The aim of this project is to provide a decision making tool for job seekers in the analytics fields. Specifically, the project consists of two parts: Visualizations and Predictive modeling.
The Visualizations offer key insights from the job postings data relating to the followings:
- Locations
- Sectors & Industries
- Qualification & Skills
- Salary
The predictive tool allows the users to get an estimate on Annual salary based on features variables (e.g., Analytics-specific skills such as SQL and Visualization, and Company information such as Industry and number of employees)
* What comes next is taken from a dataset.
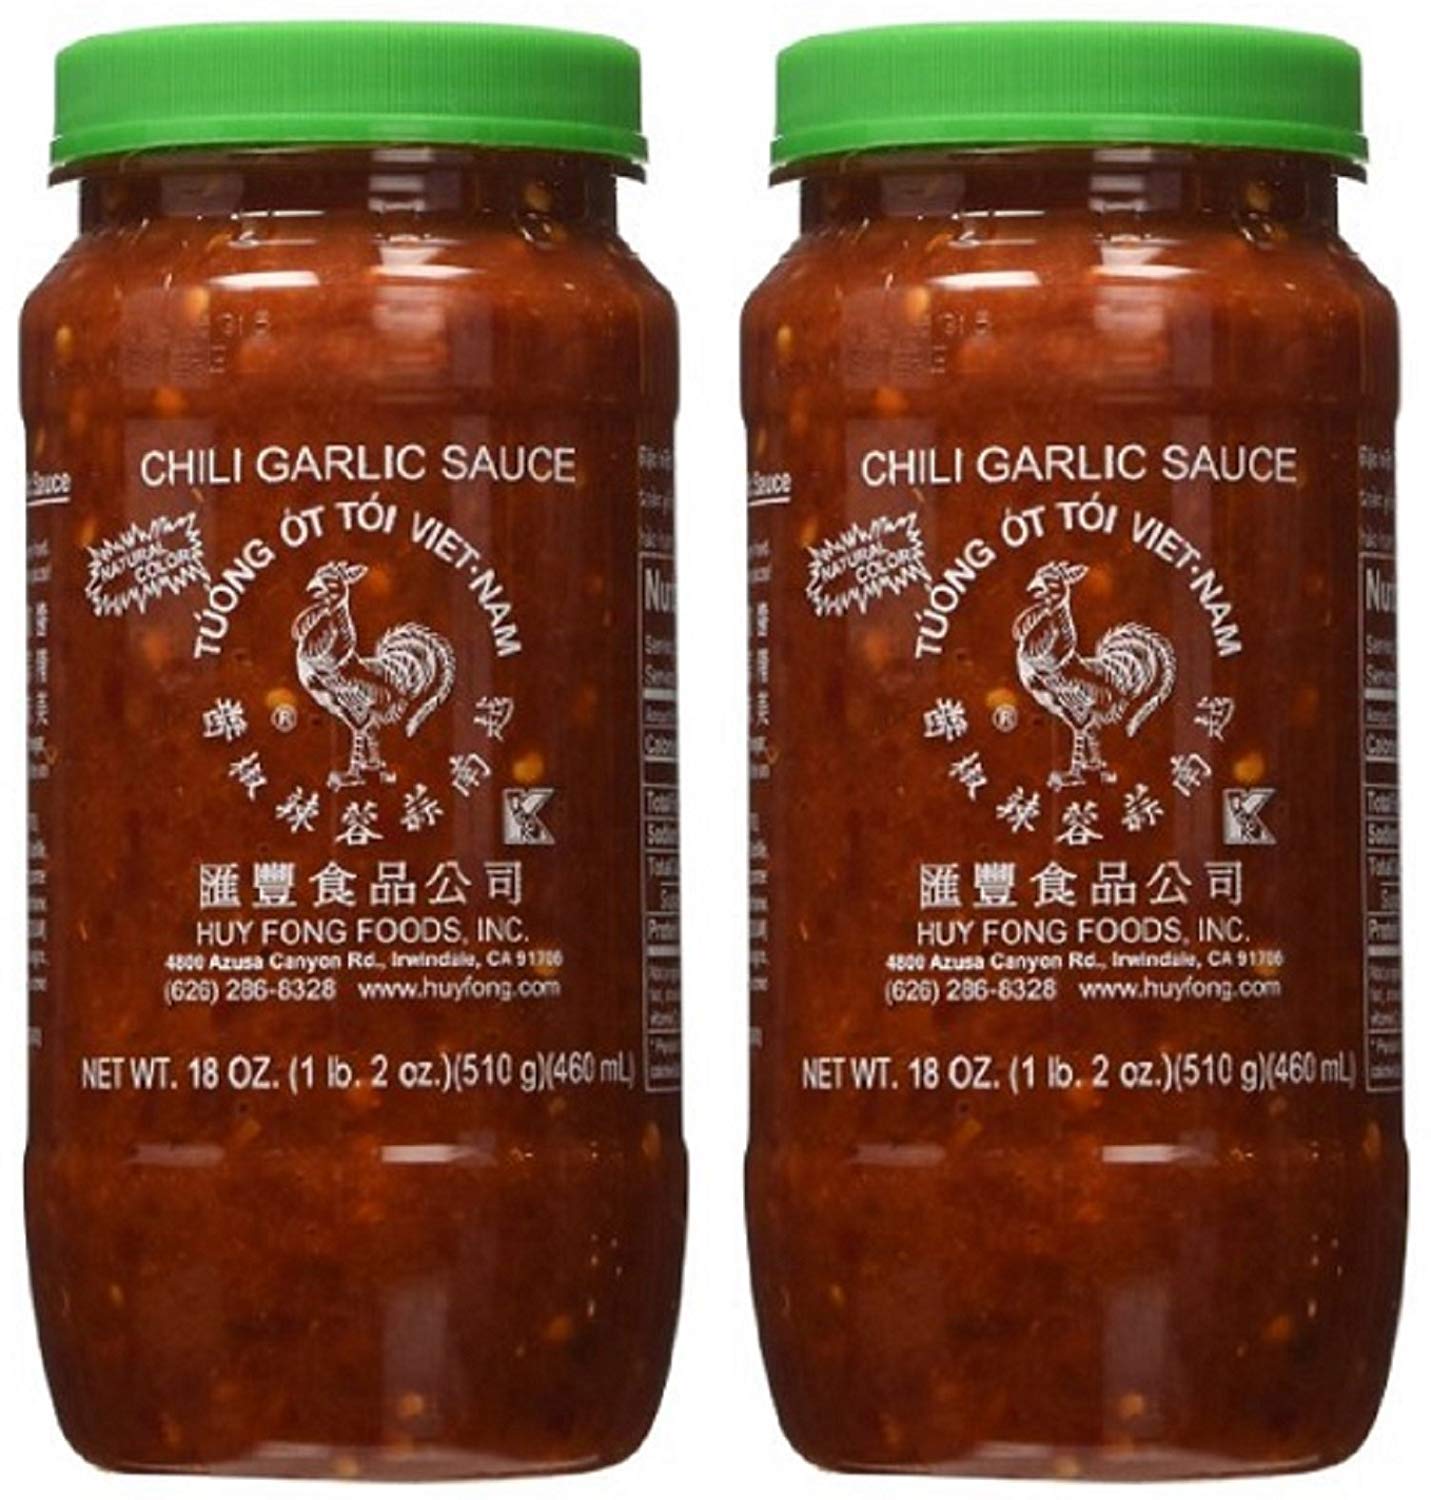 Huy Fong Fresh Chili Garlic Sauce garlic

Below are the files created for this projects:
-
Business_Analyst_cleaning.ipynb: This script performs cleaning of Business analyst job posting data
-
Data_Analyst_cleaning.ipynb: This script performs cleaning of Data analyst job posting data
-
Data_Scientist_cleaning.ipynb: This script performs cleaning of Data scientist job posting data
-
Business_Analyst_cleaned.xlsx: This is the cleaned data for Business analyst job posting data
-
Data_Analyst_cleaned.xlsx: This is the cleaned data for Data analyst job posting data
-
Data_Scientist_cleaned.xlsx: This is the cleaned data for Data scientist job posting data
-
Business_Analyst.ipynb: This script performs EDA on the Business analyst job posting data
-
Data_Analyst.ipynb: This script performs EDA on the Data analyst job posting data
-
Data_Scientist.ipynb: This script performs EDA on the Data scientist job posting data
-
Predictive_Modeling.ipynb: This script constructs predictive models for annual salary, runs validations, and compares results between the models.
- Models: Linear, Ridge, and Lasso regression models
- Validation: Cross validation
- Measure of goodness: RMSE
For the overall summarized results, please see Presentation.pdf.